Tuesday, April 16, 2013

TONY SMITH: PLAYGROUND

PLAYGROUND

TONY SMITH: PLAYGROUND
by Joan K. Yanni

One of MAG’s outdoor sculptures that has been a favorite ever since it was installed in 1970 is Tony Smith’s Playground (70.57).

The five-foot high steel sculpture came to MAG partly as a gift of the artist and partly through the Marion Stratton Gould fund.  Its name and mysterious look invite children to climb on it.  (But docents are asked not to permit this because of the liability which might be incurred by the Gallery. Walk under it, maybe?)

Smith represents the best of the minimal sculptors of the ‘60s, whose works are sometimes called "primary structures."  He creates simple, massive, geometric forms which have a dignity and strength reminiscent of ancient monuments.  Former MAG director Harris Prior, in a letter to the Gallery art committee urging the acquisition of the piece, described it as resembling a "great claw which has survived from some earlier civilization."  Yet the sculpture has a familiar presence, a stability that reassures.

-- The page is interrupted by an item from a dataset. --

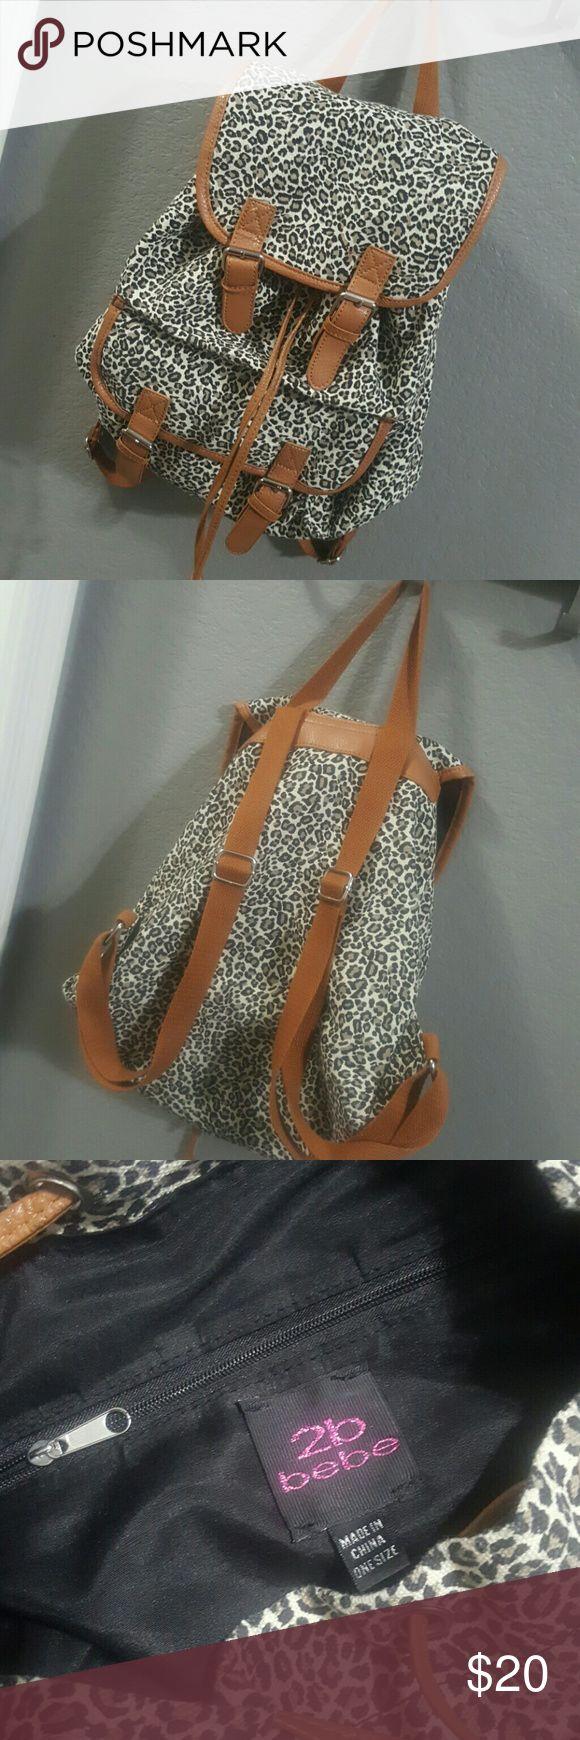 Bebe cheetah print back pack Cheetah print back pack with plenty of room for storage. Used once. bebe Bags Backpacks

Tony Smith, painter, architect, sculptor, (not to be confused with David) was born in 1912 in South Orange, New Jersey.  Ill with tuberculosis as a child, he amused himself by making Pueblo villages out of medicine boxes.  His father and grandfather ran an iron foundry, and Tony learned to love "black iron" in its natural state as it comes from the rolling mill.

He attended the Art Students League in New York City form 1933 to 1936, then Chicago's New Bauhaus School.  In 1938, though he had no formal training in architecture, he joined Frank Lloyd Wright in Wisconsin as an apprentice and worked with him for two years. 

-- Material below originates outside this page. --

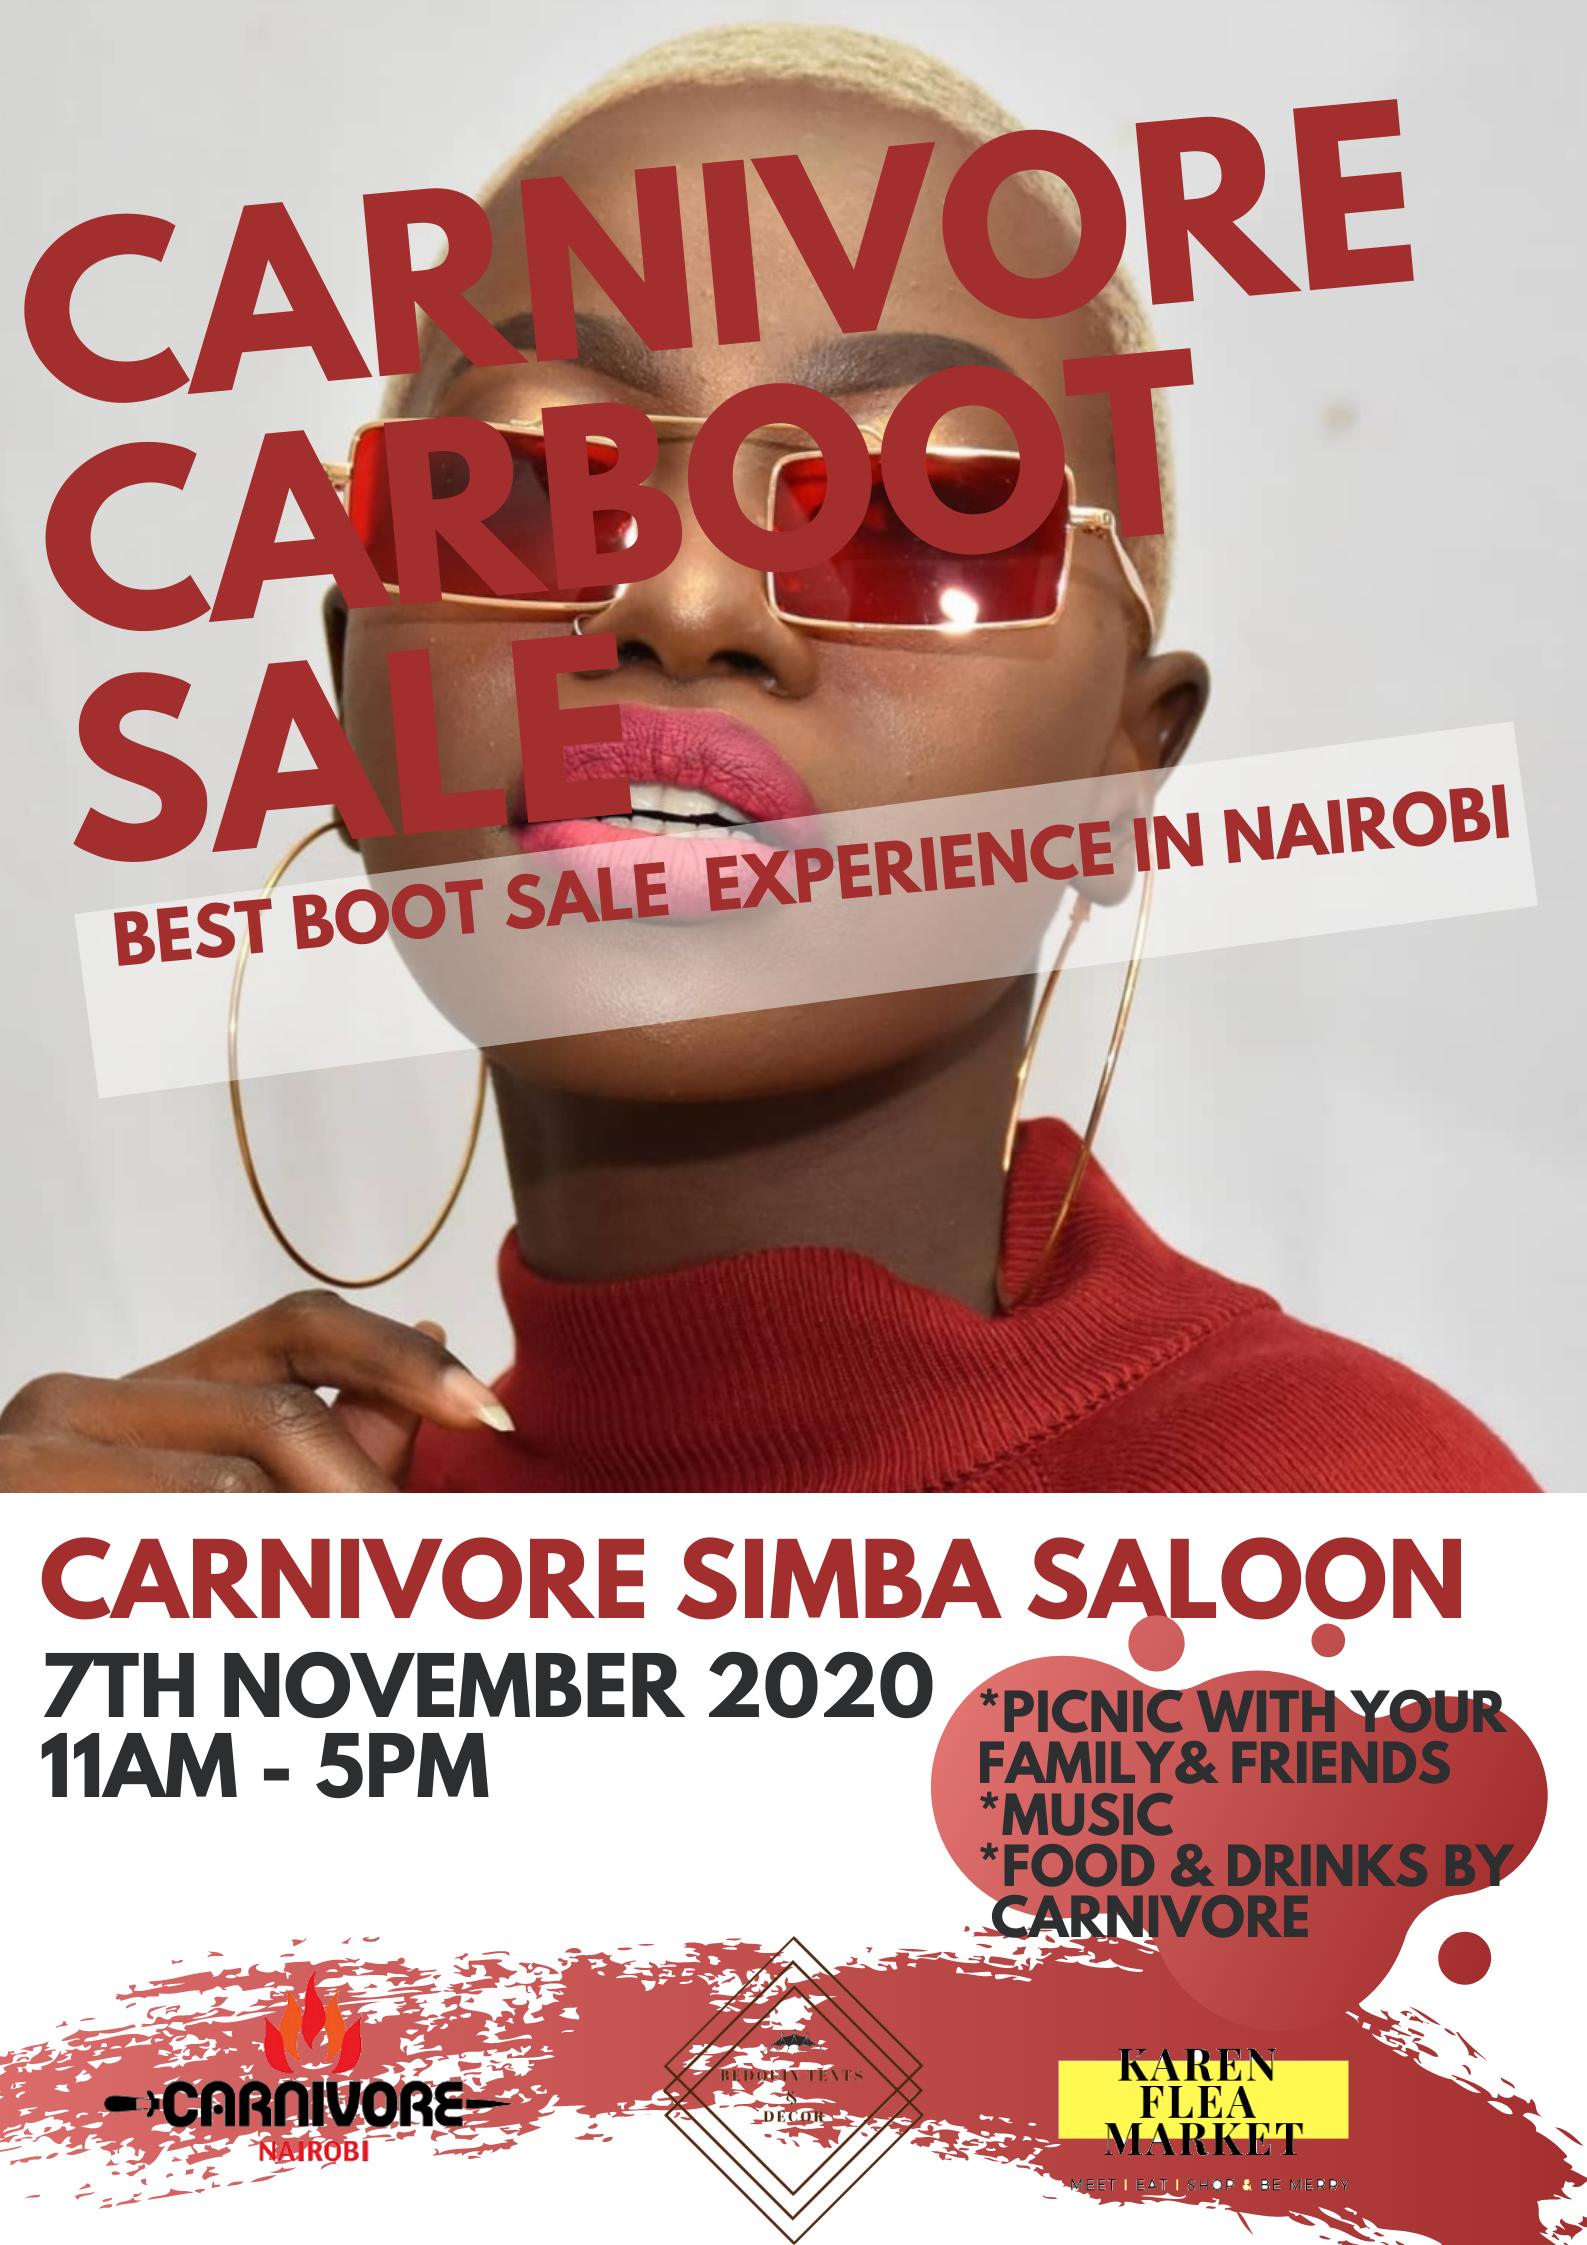 Carnivore Car Boot Sale

Smith spent the next 20 years painting and working on architectural commissions of his
own.  He taught classes in art and three- dimensional drawing at New York University, Pratt Institute, Bennington, and Hunter.  Bob Goodnough and Alfred Leslie were his students.

By 1960 he was dissatisfied with both painting and architecture.  He disliked catering to the whims of his painting patrons and seeing secondary buyers make changes in his houses.  He returned to the permanence of the box shapes and the iron of his youth.

His career from then on is an example of the suddenness with which even a known artist can be "discovered."  His first piece of sculpture was shown in 1963, and he had his first one-man show of that medium at the Institute of Contemporary Art in Philadelphia only two years later

Though Smith was a friend of Barnett Newman, Mark Rothko, Clyfford Still and Jackson Pollock, he always worked independently.  He was said to be a minimalist, but he noted that while the minimalists worked toward a preconceived plan, he did not.

The impact of his works depends on their unfinished roughness, bulk, and self containment, all emphasized by matte black surfaces.  Strength, mystery, and stability are inherent in this design; yet the large, flowing surfaces are filled with energy.

Smith died of a heart attack in January, 1981.  In his obituary, Time magazine quoted his own description of his work:  "My sculptures are on the edge of dreams; they come close to the unconscious in spite of their geometry."

References:  Curatorial files and Lippard, Lucy:  Tony Smith, New York, Harry Abrams, 1972; Tony Smith, Exhibition catalog, Maryland University Art Gallery, College Park, MD., 1971.